"She refused to be bored, chiefly because she wasn't boring." Zelda Fitzgerald

Wednesday, January 29, 2014

Shredded Underwear + Inner Strength

Something is crazily shredding all of my underwear. Weird, right? I think I am down to a handful of pairs now because they keep coming out of the dryer with strange marble sized holes in them. I can't figure it out. There's no way that our washing machine is selectively gnawing only my underwear. How can that be? Did I tick it off? If it was all whites I'd think I'd put in too much bleach but I like my colored undies...so that's not the issue. Mysteries.

We are still hibernating in between bouts of skateboarding classes. Lucy and I are watching our way through the first season of Sex and the City which is hilarious good fun. I am fleshing out my resolutions and my ideas for the coming year. I've been tucking away this and that scrap of inspiration and this week I pulled together a Pinterest board and a paste and scissors mood-board. So excited about having so much to draw on in a ready place.

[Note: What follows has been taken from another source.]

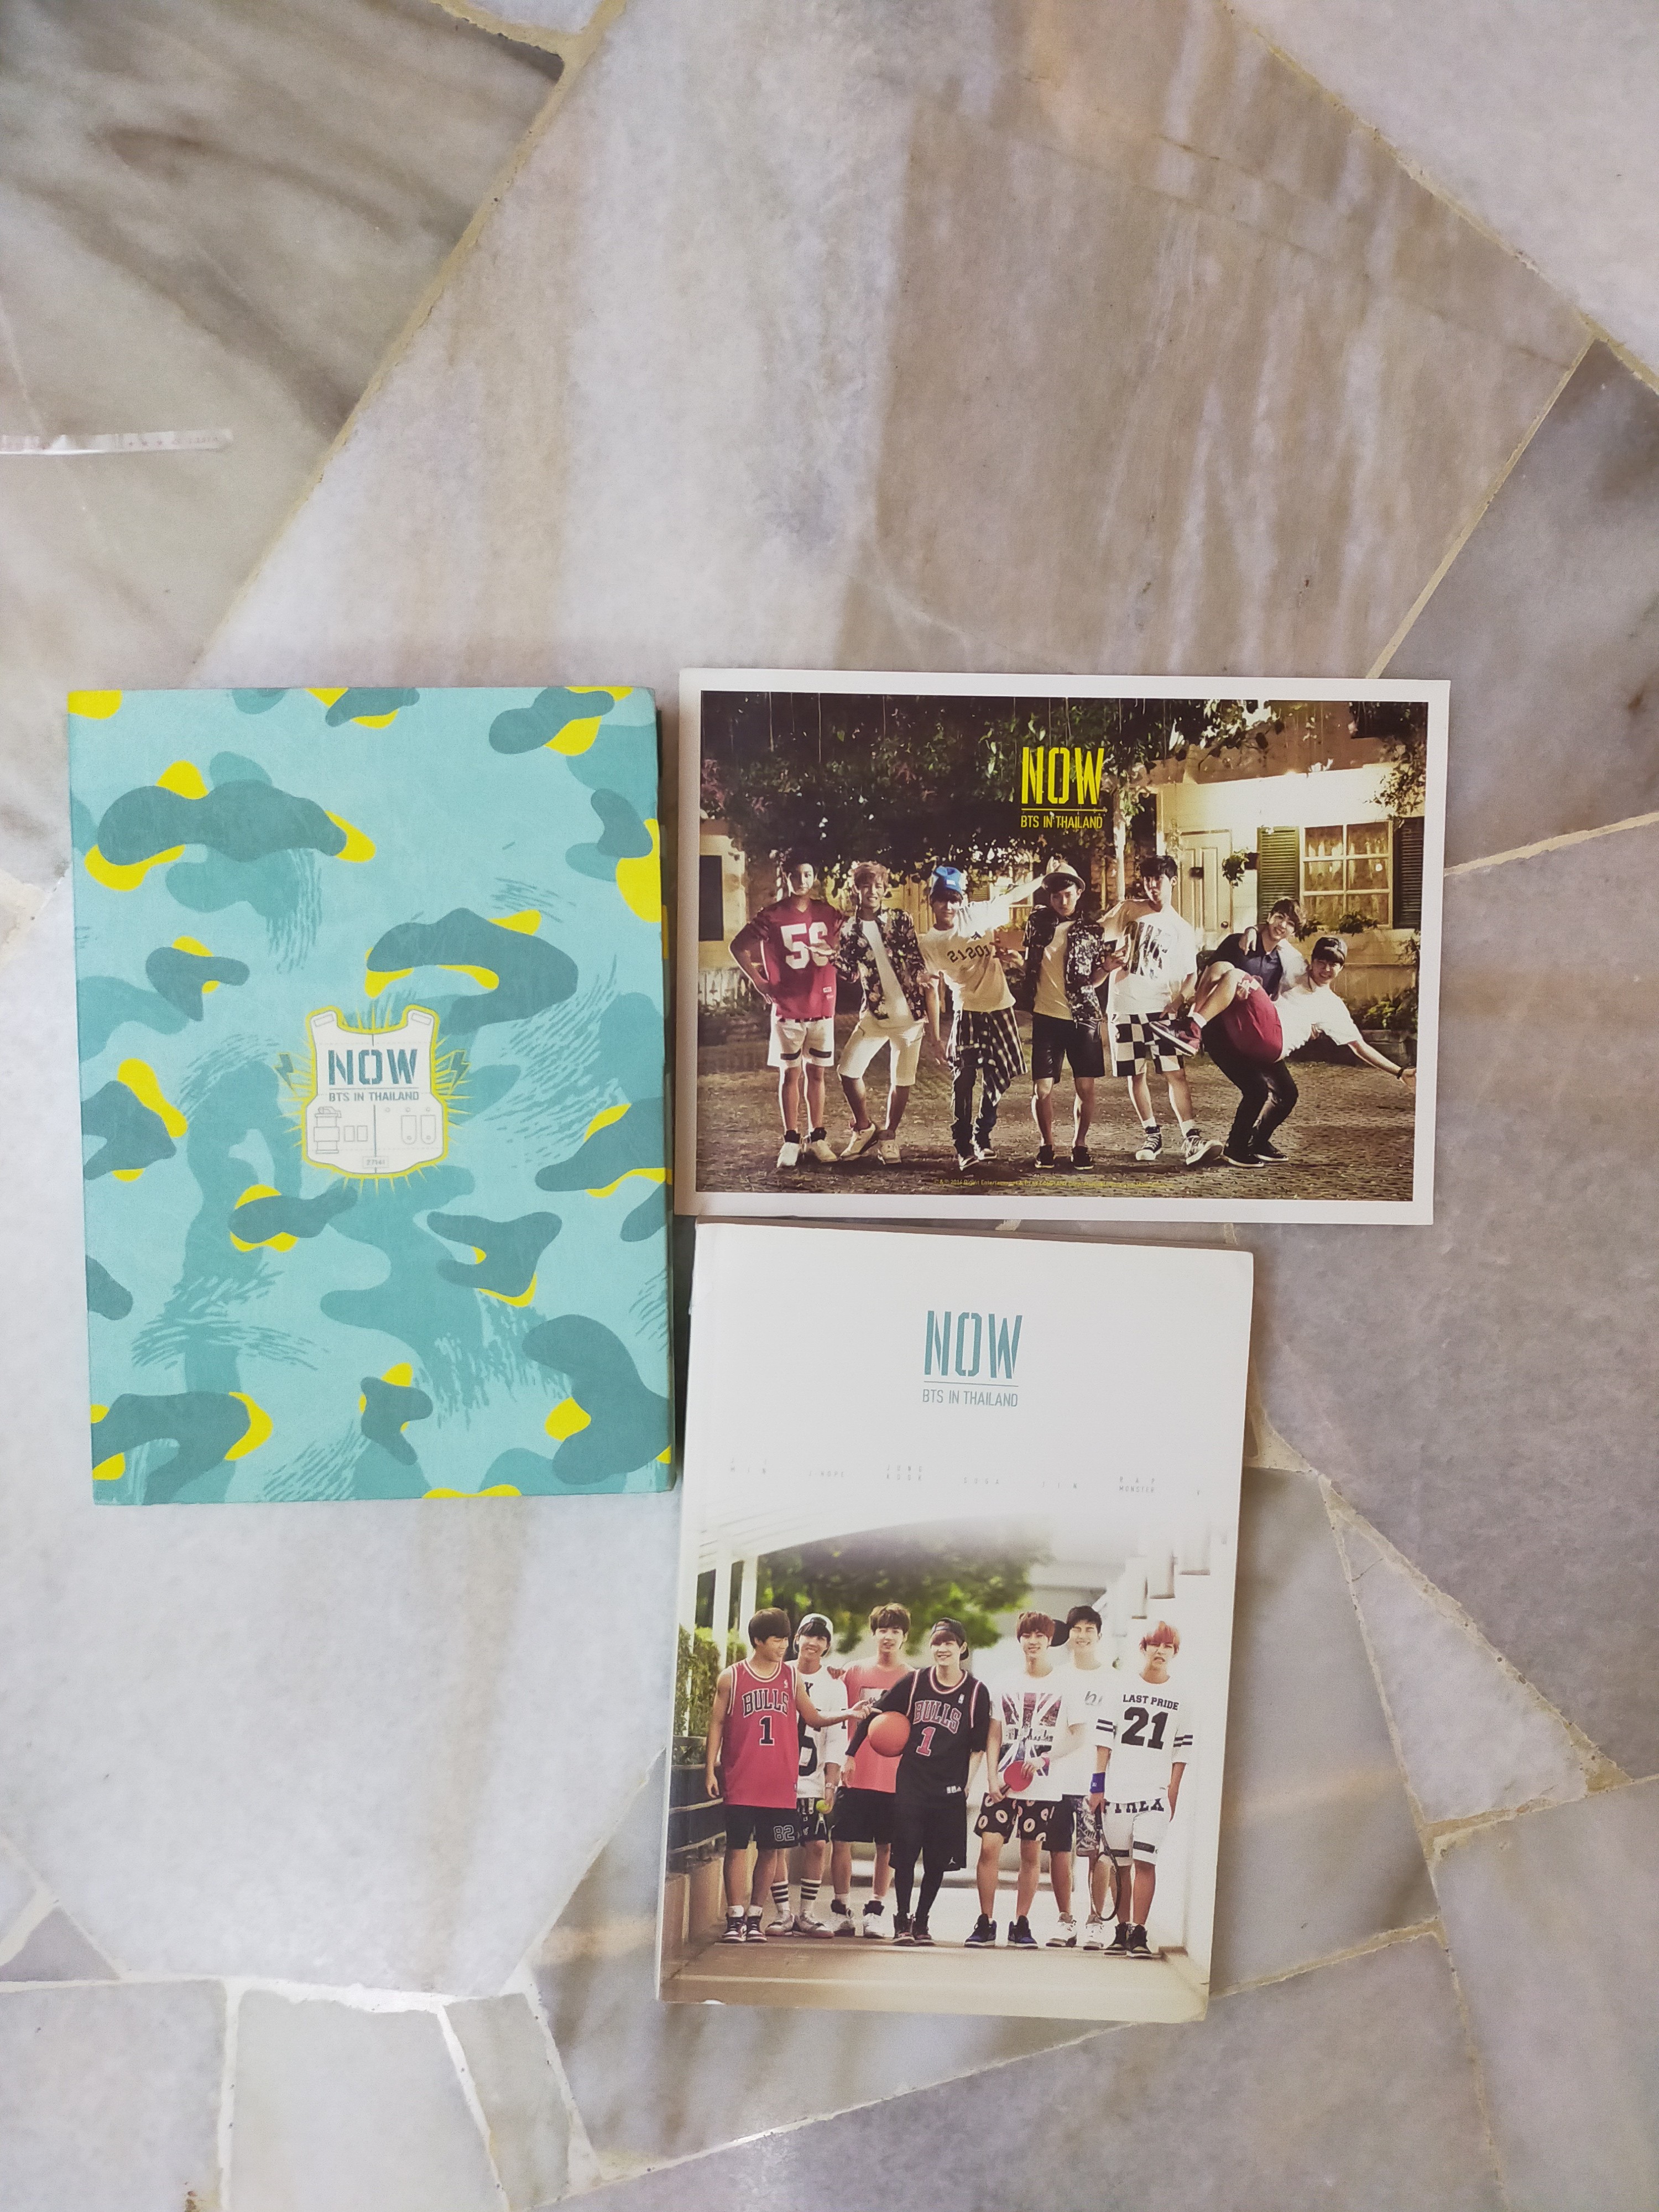 BTS NOW 1 in thailand photobook poster and outerbox, Hobbies
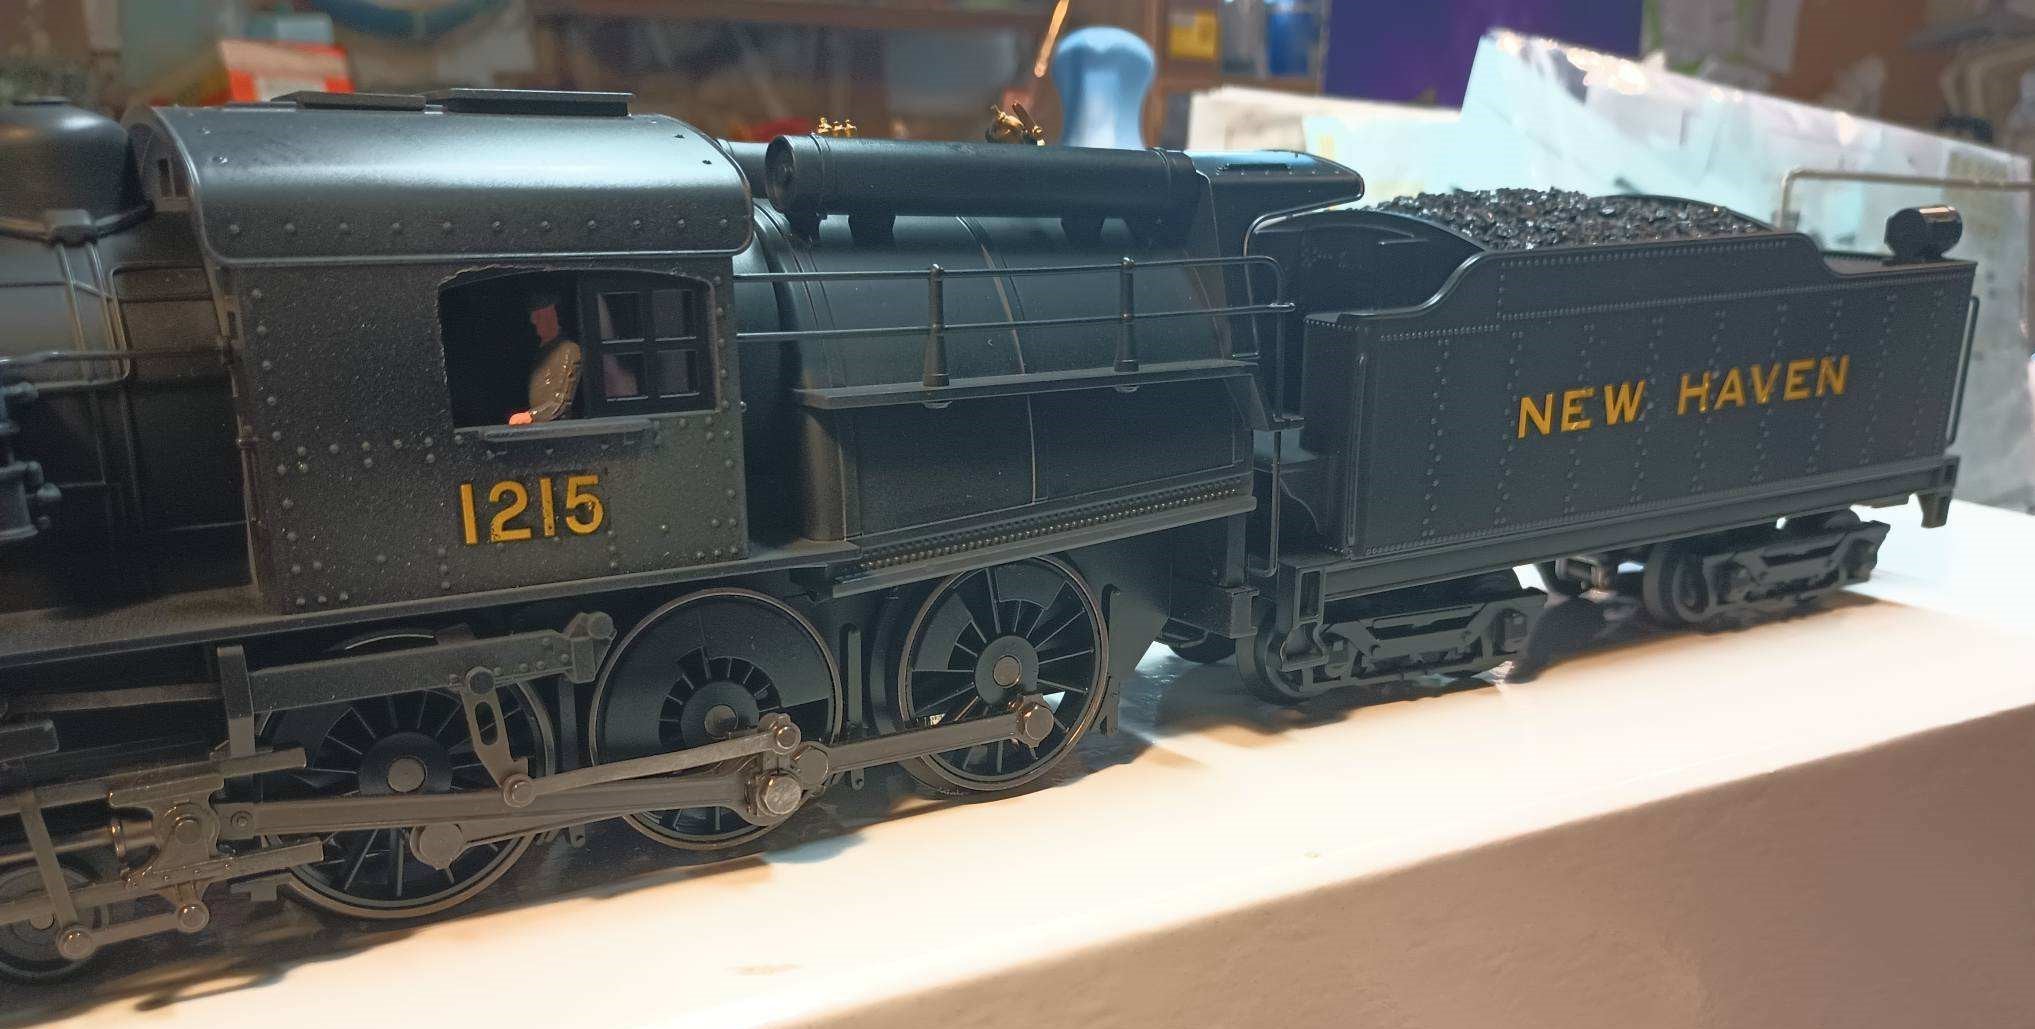 Lionel 2331650NH - Legacy Camelback Steam Locomotive "New Haven" 1215 - Custom by Harry Hieke

The citrus season is in full-flush and we are galloping through boxes of clementines and having big, sunny orange slices at breakfast. I have to make a note to save some orange peels to toss in the fire some evening when we have the fireplace cranked up. I am also having a yen for Meyer lemons. Every day at naptime Nib is asking to read Amelia Bedelia and then as I tuck him in he looks at my with his big brown eyes over the edge of his quilt and begs me to make him a lemon meringue pie: justification for Meyer lemons commence! We might need a batch of lemon curd to go with it for special breakfast. I also have to remember to get a bunch of coral grapefruits and serve them cut with honey some morning.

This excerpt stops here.